Porirua abuse bucks national downwards trend

12:42 pm on 23 February 2018

Porirua's children are suffering increasing rates of abuse, despite such abuse declining across the rest of the country, a report prepared by the Porirua City Council shows.

The street at the centre of the armed stand-off was evacuated yesterday.

A street in Porirua. Photo: RNZ / Tiana Barns

The second annual report looking into the health and wellbeing of young people living in the city north of Wellington had been received by councillors.

It showed while most young people considered Porirua a great place to live, some standards of health, housing and education were below national levels.

Substantiated findings of abuse were increasing locally, while national rates were going down, with Māori and Pasifika over-represented.

Unintentional injuries were also higher than nationally, and were increasing.

The report was put together by the council so it could monitor the wellbeing of children and young people from infancy to the age of 24 as part of the city's strategy to put children and young people at the centre of city decisions.

Where it could not have a direct say, the council could use the information while acting as an advocate.
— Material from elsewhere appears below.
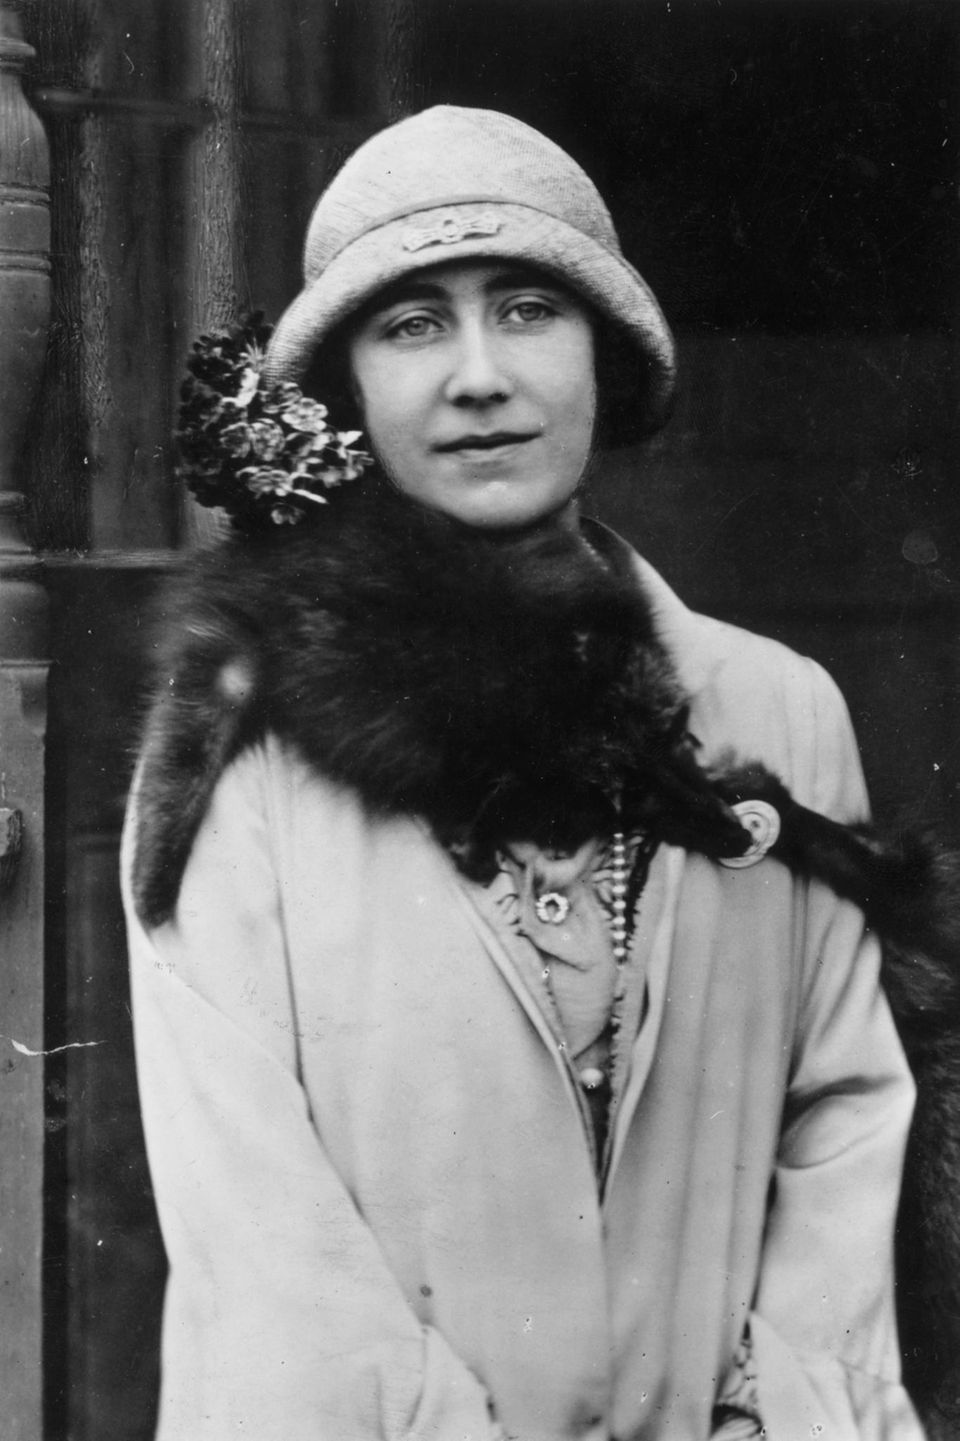 Auf einem Bild von Queen Mum im Jahr 1929 ist die Diamantbrosche in Hufeisenform an ihrem Halstuch zu erkennen. Heute trägt die kleinen Prinzessin Charlotte das Schmuckstück. 

It found Porirua also had nearly double the national rate of transient students, students who switch schools more than twice in a year, although its attendance rates are on par with the rest of the country.
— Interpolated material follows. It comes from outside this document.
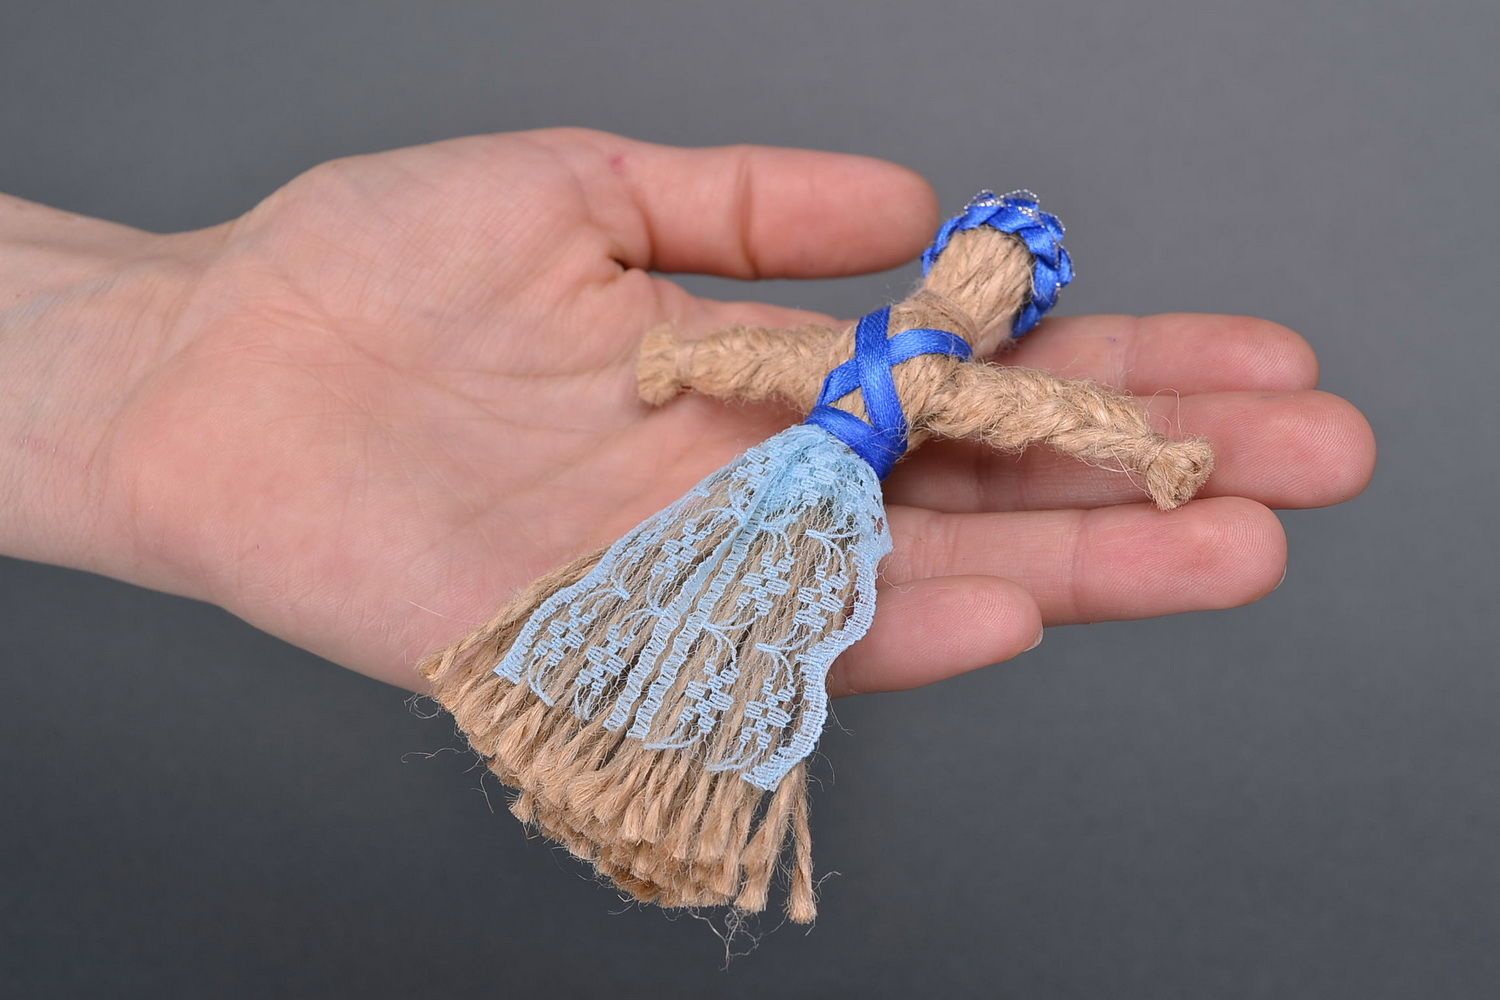 Bambola etnica di stoffa fatta a mano amuleto talismano giocattolo slavo
 foto 4

Some 20 percent of children lived in overcrowded houses, and a quarter were in homes that were damp and mouldy.

The young people surveyed showed a desire to make changes in their city. Half of them wanted to have more of a say on council decisions, and on average more of them turned up to vote in the General Election than people their same age across the country.

Mayor Mike Tana said the report was important for Porirua, as it meant the council knew what it needed to focus on, and where it could advocate on behalf of its community.
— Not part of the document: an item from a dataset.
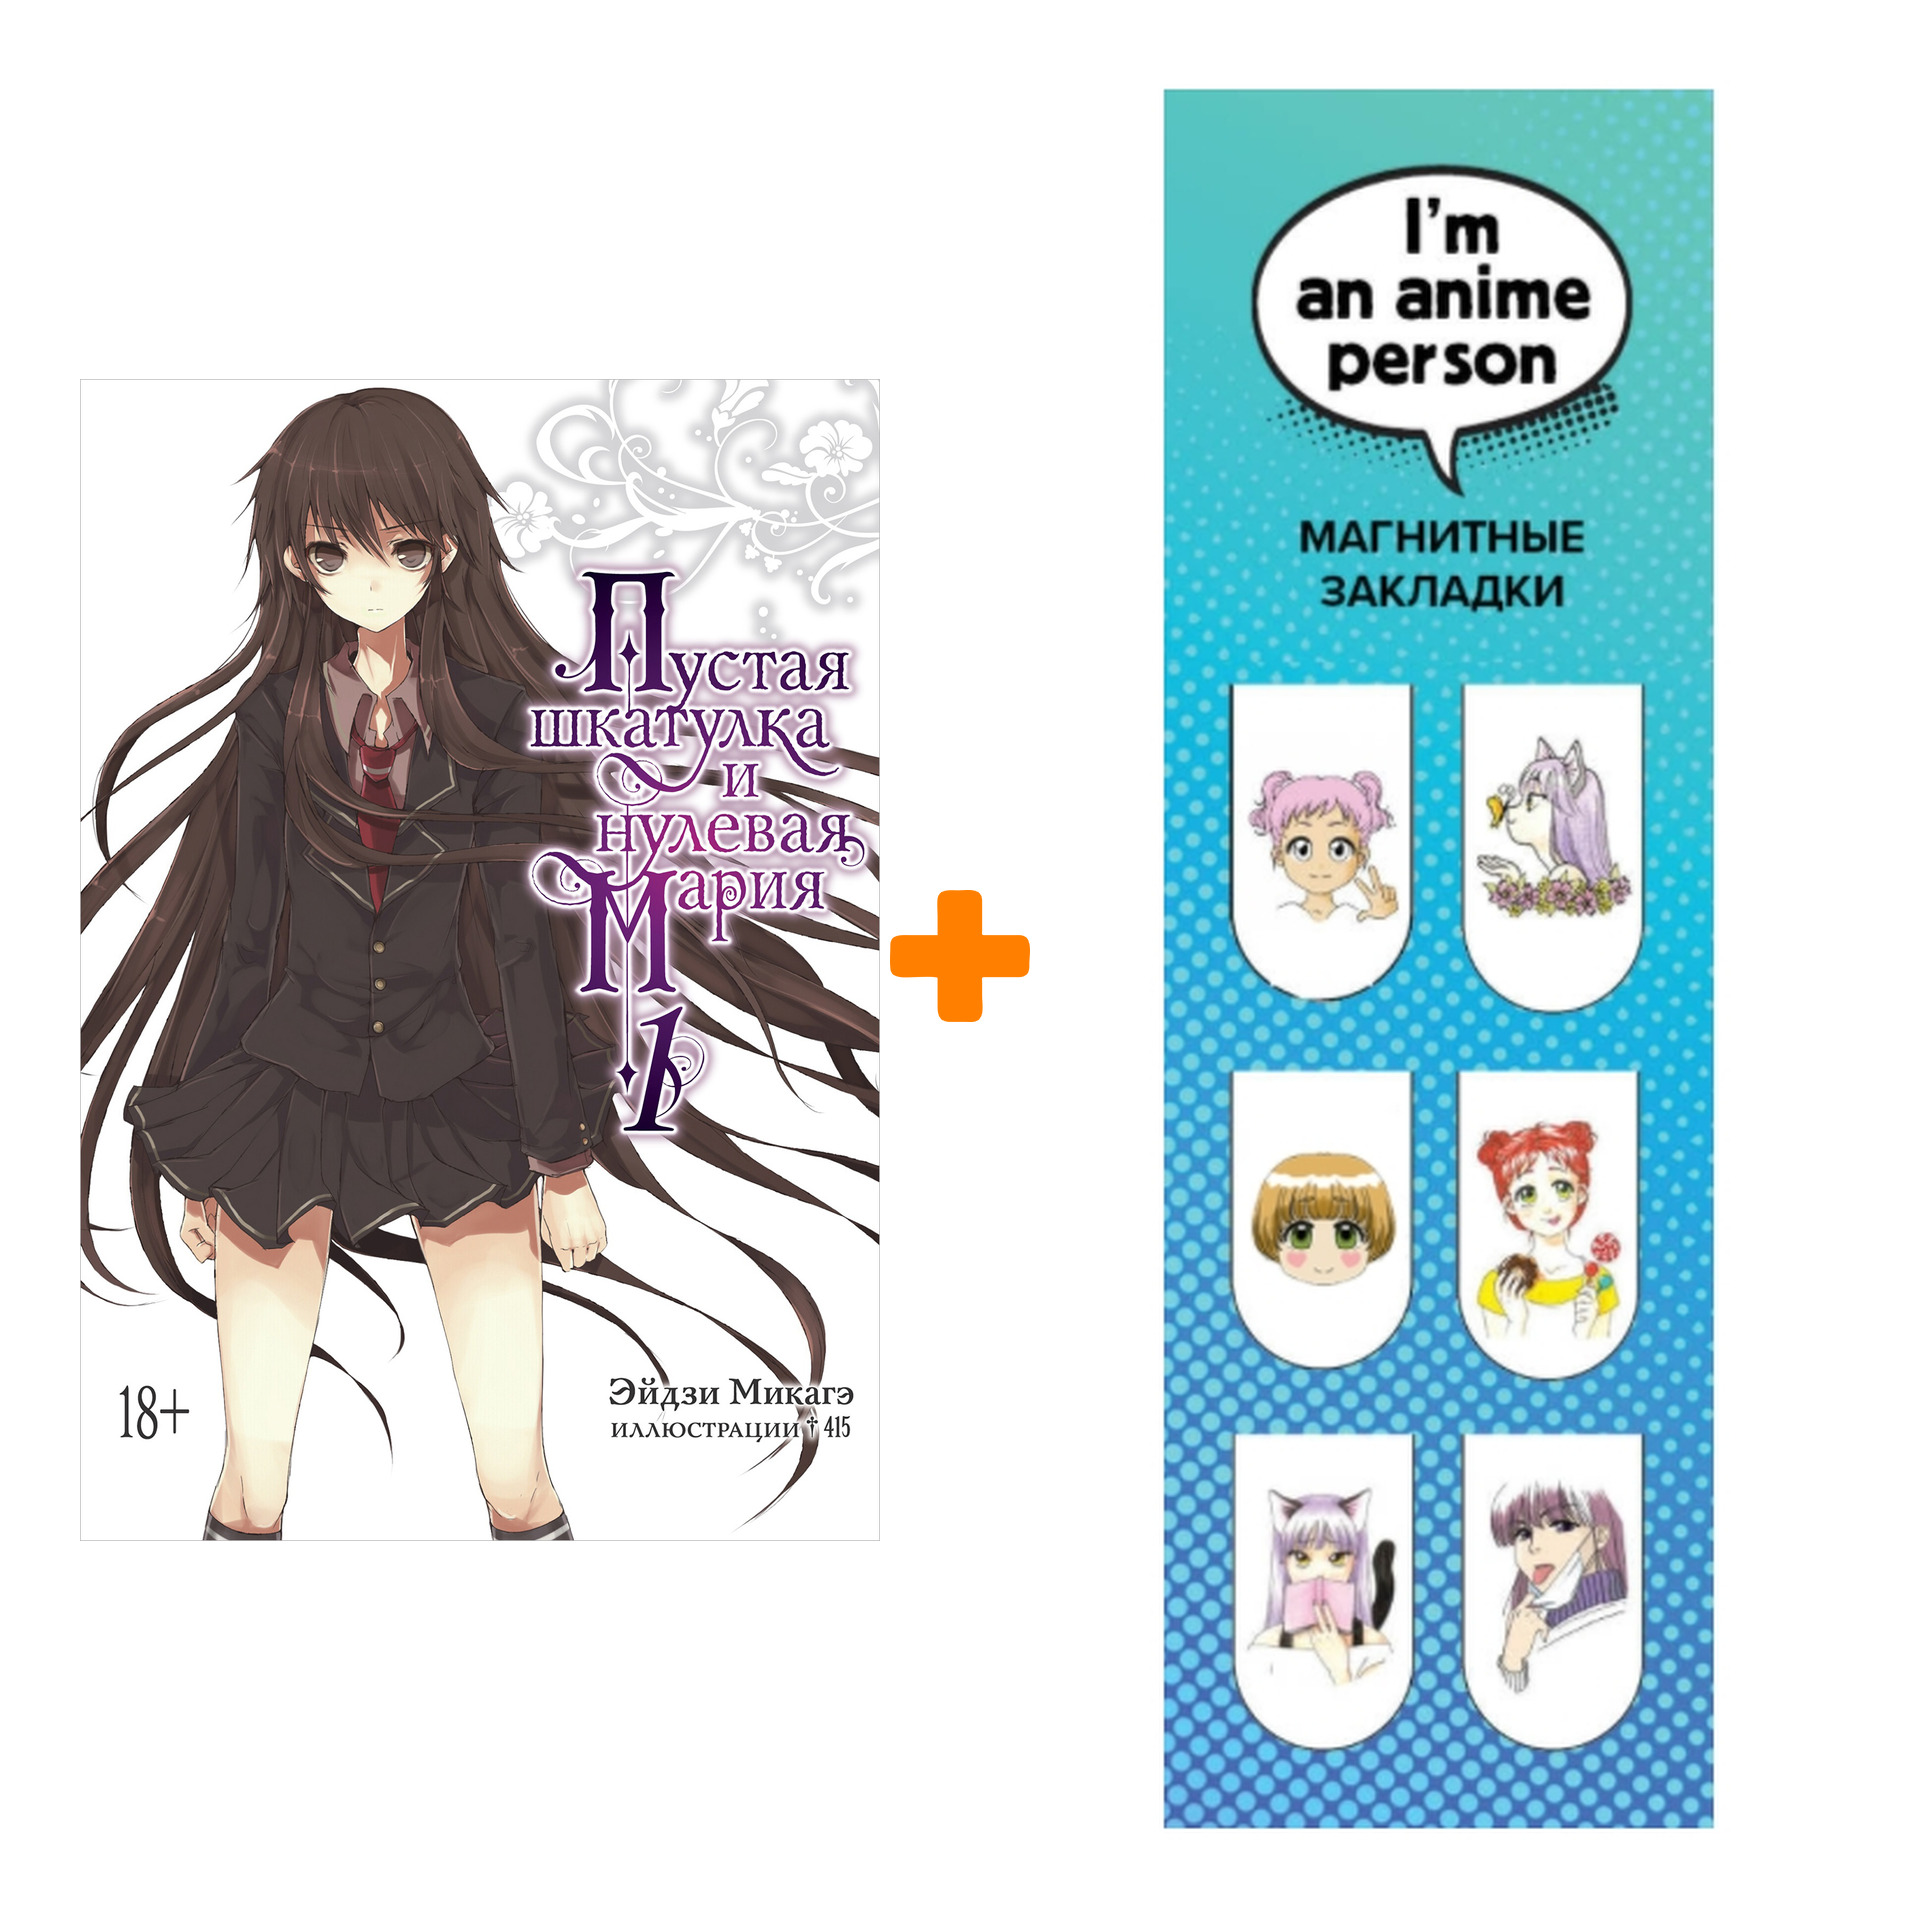 Набор Ранобэ Пустая шкатулка и нулевая Мария. Кн. 1 + Закладка I`m An Anime Person магнитная 6-Pack

The figures were concerning, but council needed to understand what they meant. It could be that the amount of services coming into Porirua had increased the ability for people to talk about abuse, he said.

He was going to talk to Prime Minister Jacinda Ardern about the report - as some of Porirua's priorities around improving the lives of young people, matched what she wanted to do on a national scale.

He planned to sit down with her and talk about how the council and government could work together to make improvements.